If Dockerfile.cu128 is not a clean docker build target (e.g. it relies on build args defined only in docker-compose-cu128.yml), lift those args onto the docker build line or docker compose -f docker-compose-cu128.yml build then docker tag the resulting chatterbox-tts-server:cu128 image to the Forgejo ref above before pushing.


Apply (admin-gated — run in order)

vault login -method=oidc
~/code/scripts/presence claim node:k8s-node1 --purpose "chatterbox-tts first apply (GPU)"
~/code/scripts/presence claim stack:tts      --purpose "chatterbox-tts stack apply"

# 1. The polite-tenant hardening (exclude tts from gpu-workload priority).
~/code/scripts/tg plan  --stack kyverno
~/code/scripts/tg apply --stack kyverno

# 2. This stack.
~/code/scripts/tg plan  --stack tts
~/code/scripts/tg apply --stack tts        # apply does NOT wake the GPU (replicas=0)

# 3. Flip tripit narration on.
~/code/scripts/tg plan  --stack tripit
~/code/scripts/tg apply --stack tripit

See docs/plans/2026-06-08-chatterbox-tts-infra.md §5 for the full go-live checklist (seed voices on NFS-SSD, smoke-test a synth, watch the neighbours).

Rollback (instant, no data loss)

  • Narration off: set TTS_MODE=none (or drop the three TTS_* lines) in stacks/tripit/main.tftg apply --stack tripit.

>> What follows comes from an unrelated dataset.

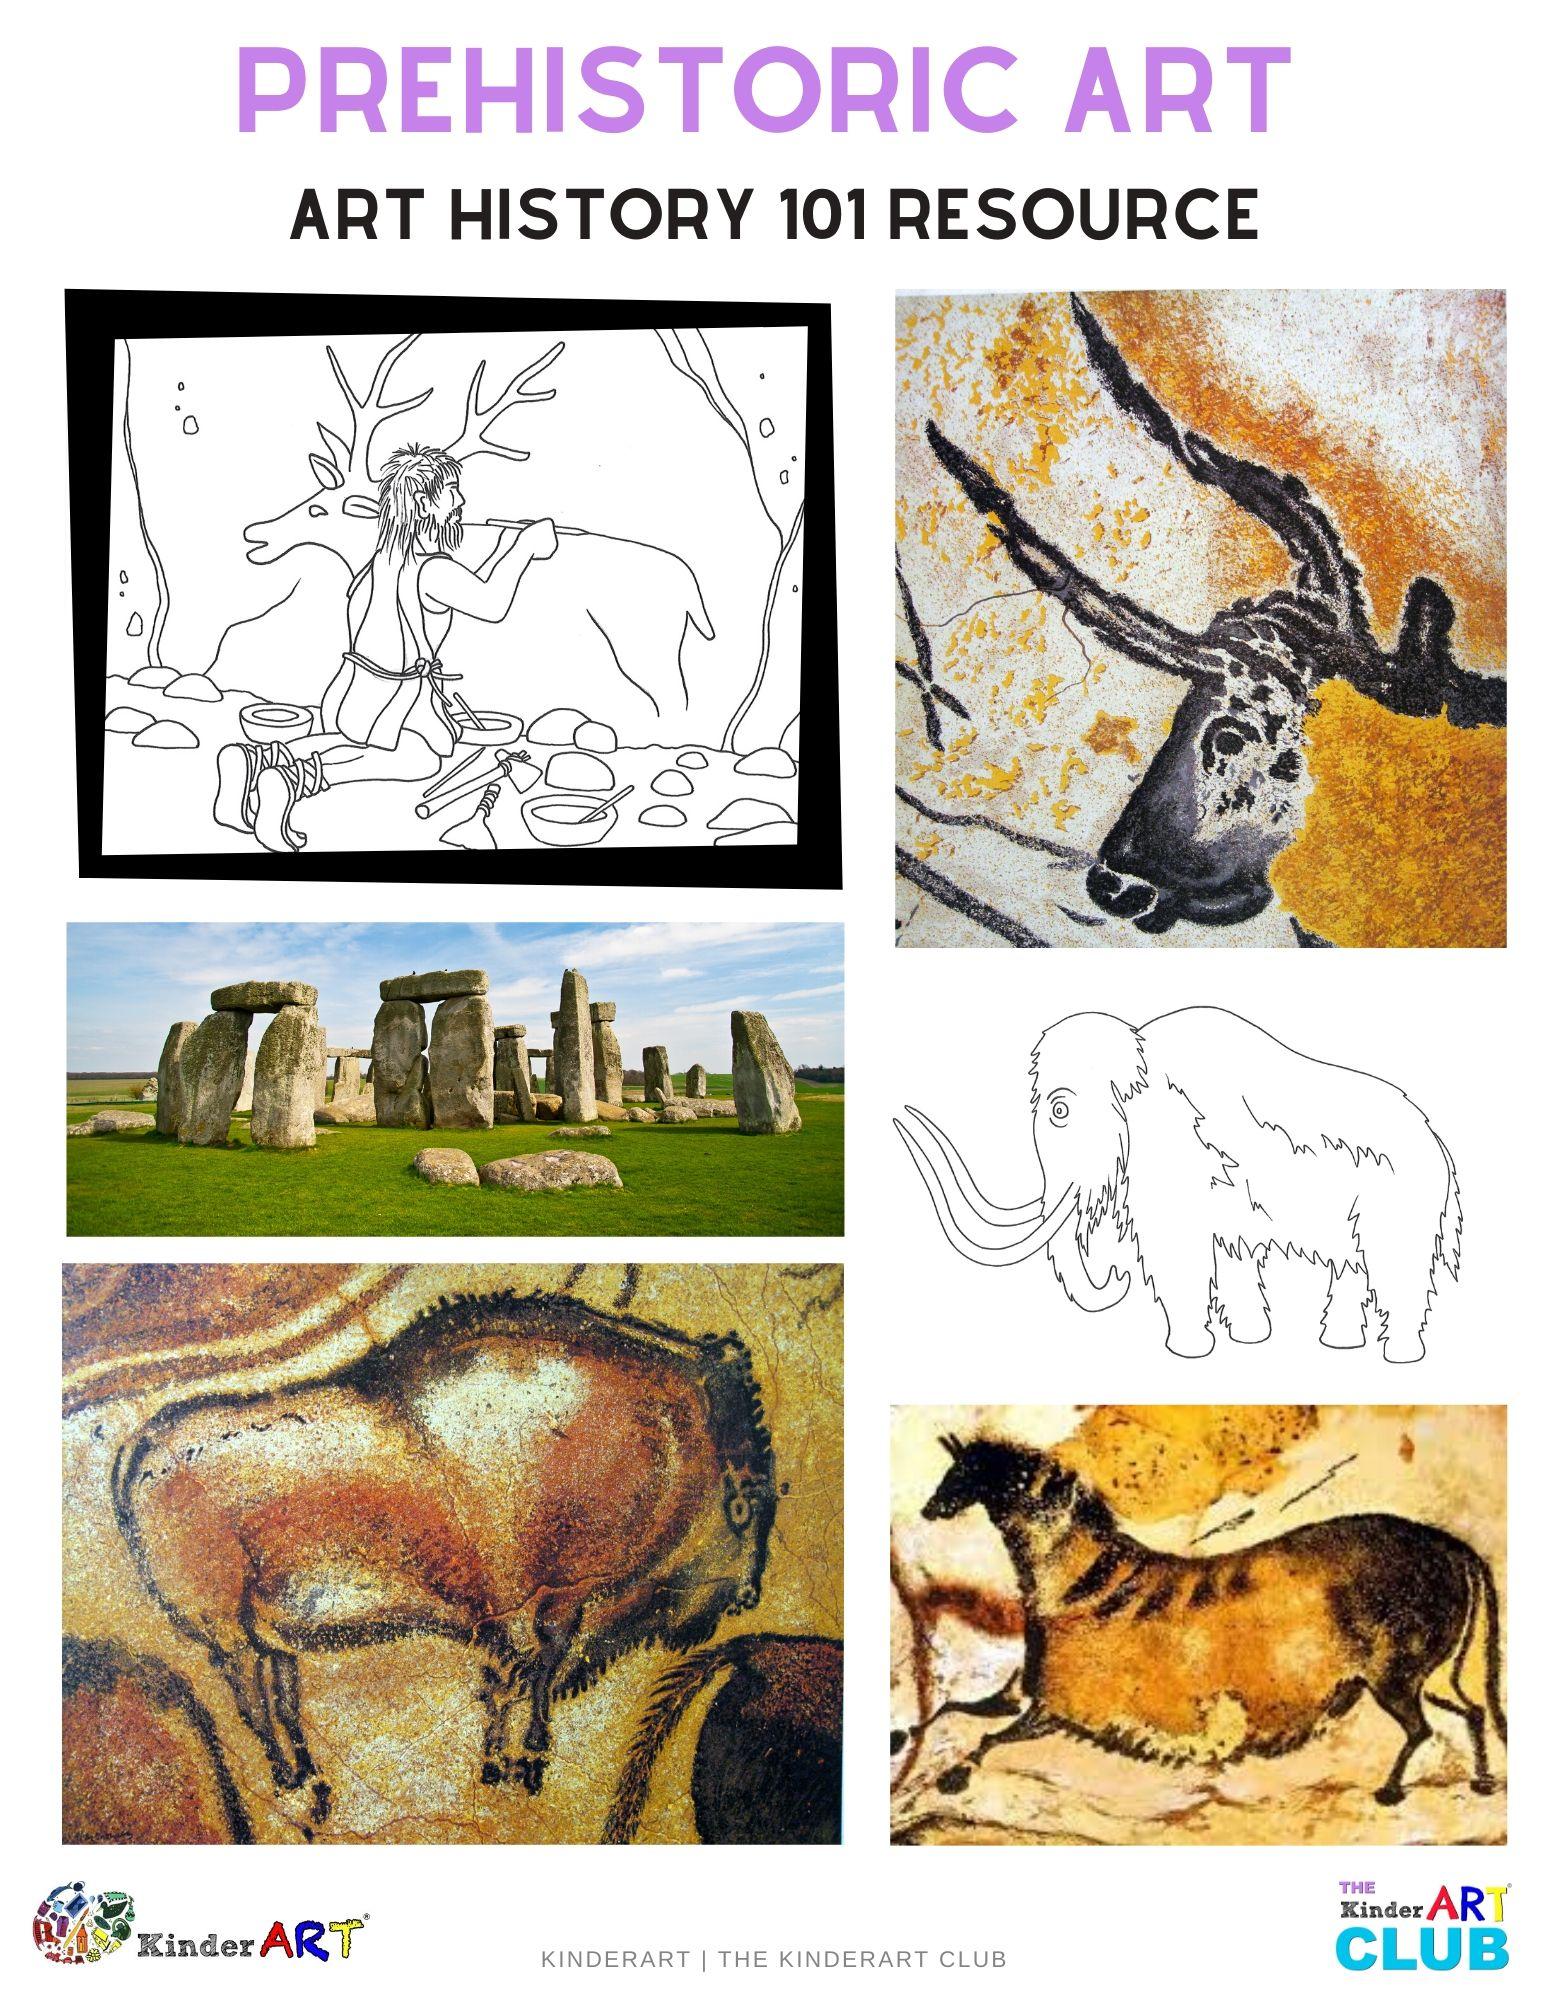 arthistory101_prehistoric

The bake makes no audio; playback falls back to browser TTS. Cached story_audio rows are harmless.
  • Chatterbox off the GPU: kubectl -n tts scale deploy/chatterbox-tts --replicas=0 (transient) and/or tg destroy --stack tts. Best-effort synth means tripit bakes keep running audio-less — no error.
  • Neither touches the resident GPU tenants (Option A never modifies them).